Il n’y a point de folie dont on ne puisse guérir un homme qui n’est pas fou, hors la vanité ; pour celle-ci, rien n’en corrige que l’expérience, si toutefois quelque chose en peut corriger ; à sa naissance, au moins, on peut l’empêcher de croître. N’allez donc pas vous perdre en beaux raisonnements, pour prouver à l’adolescent qu’il est homme comme les autres et sujet aux mêmes faiblesses. Faites-le lui sentir, ou jamais il ne le saura. C’est encore ici un cas d’exception à mes propres règles ; c’est le cas d’exposer volontairement mon élève à tous les accidents qui peuvent lui prouver qu’il n’est pas plus sage que nous. L’aventure du bateleur serait répétée en mille manières, je laisserais aux flatteurs prendre tout leur avantage avec lui : si des étourdis l’entraînaient dans quelque extravagance, je lui en laisserais courir le danger : si des filous l’attaquaient au jeu, je le leur livrerais pour en faire leur dupe [1] ; je le laisserais encenser, plumer, dévaliser par eux ; et quand, l’ayant mis à sec, ils finiraient par se moquer de lui, je les remercierais encore en sa présence des leçons qu’ils ont bien voulu lui donner. Les seuls pièges dont je le garantirais avec soin seraient ceux des courtisanes. Les seuls ménagements que j’aurais pour lui seraient de partager tous les dangers que je lui laisserais courir et tous les affronts que je lui laisserais recevoir. J’endurerais tout en silence, sans plainte, sans reproche, sans jamais lui en dire un seul mot, et soyez sûr qu’avec cette discrétion bien soutenue, tout ce qu’il m’aura vu souffrir pour lui fera plus d’impression sur son cœur que ce qu’il aura souffert lui-même.

Je ne puis m’empêcher de relever ici la fausse dignité des gouverneurs qui, pour jouer sottement les sages, rabaissent leurs élèves, affectent de les traiter toujours en enfants, et

  1. Au reste, notre élève donnera peu dans ce piège, lui que tant d’amusements environnent, lui qui ne s’ennuya de sa vie, et qui sait à peine à quoi sert l’argent.
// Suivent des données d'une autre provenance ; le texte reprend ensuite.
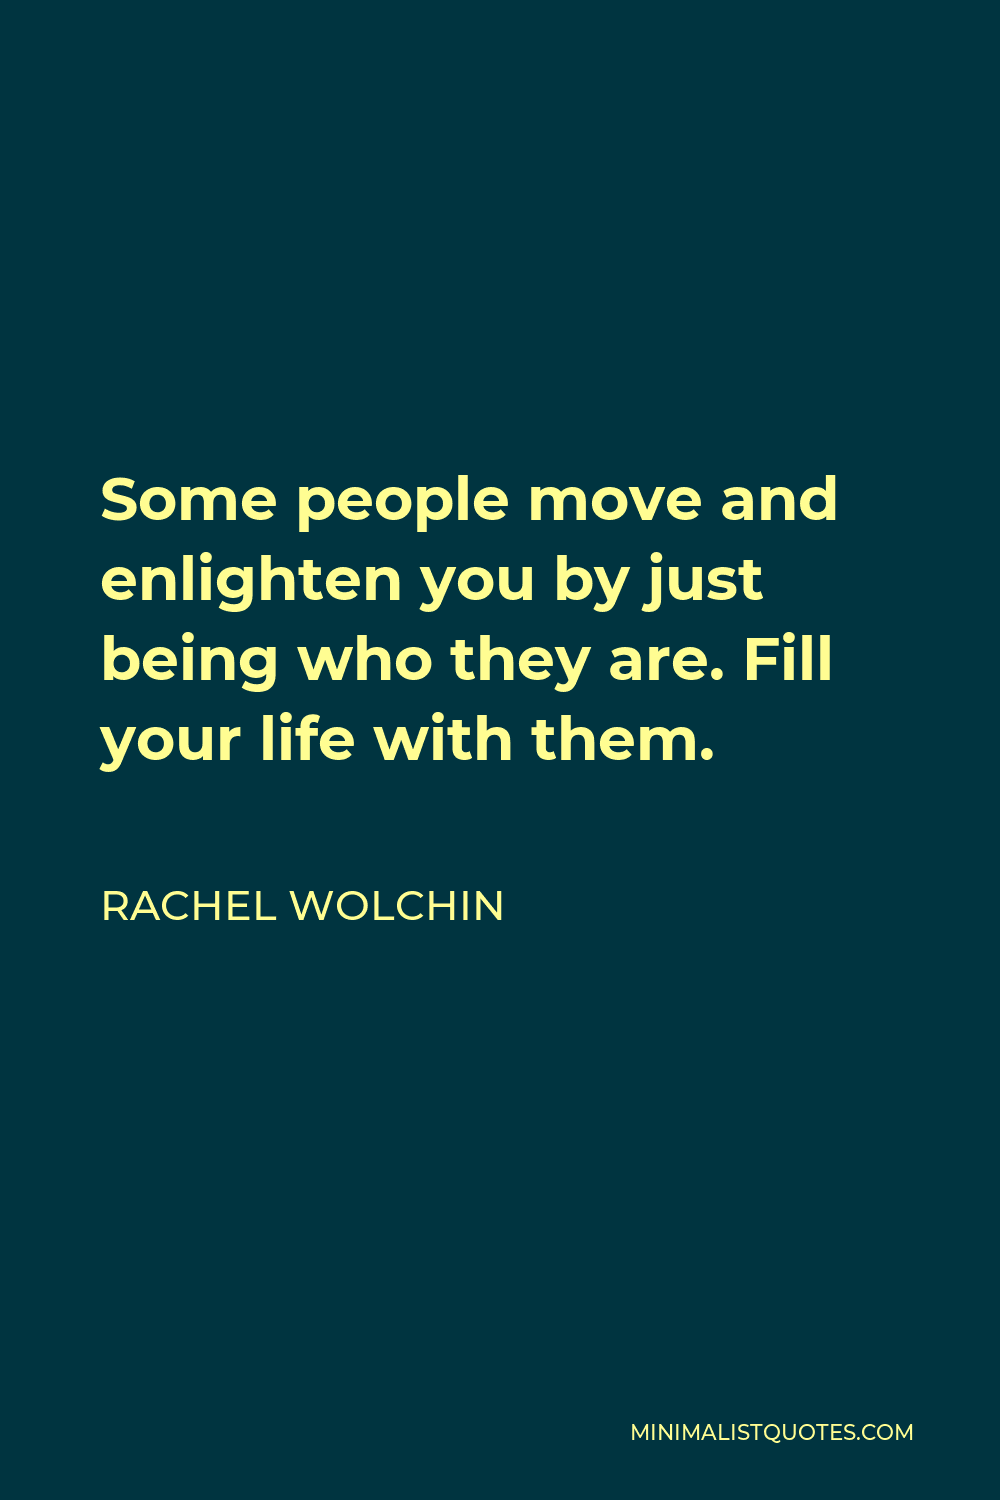 Rachel Wolchin Quote - Some people move and enlighten you by just being who they are. Fill your life with them.

Les deux mobiles avec lesquels on conduit les enfants étant l’intérêt et la vanité, ces deux mêmes mobiles servent aux courtisanes et aux escrocs pour s’emparer d’eux dans la suite. Quand vous voyez exciter leur avidité par des prix, par des récompenses, quand vous les voyez applaudir à dix ans dans un acte public au collège, vous voyez comment on leur fera laisser à vingt leur bourse dans un brelan, et leur santé dans un mauvais lieu. Il y a toujours à parier que le plus savant de sa classe deviendra le plus joueur et le plus débauché. Or les moyens dont on n’usa point dans l’enfance n’ont point dans la jeunesse le même abus. Mais on doit se souvenir qu’ici ma constante maxime est de mettre partout la chose au pis. Je cherche d’abord à prévenir le vice ; et puis je le suppose afin d’y remédier.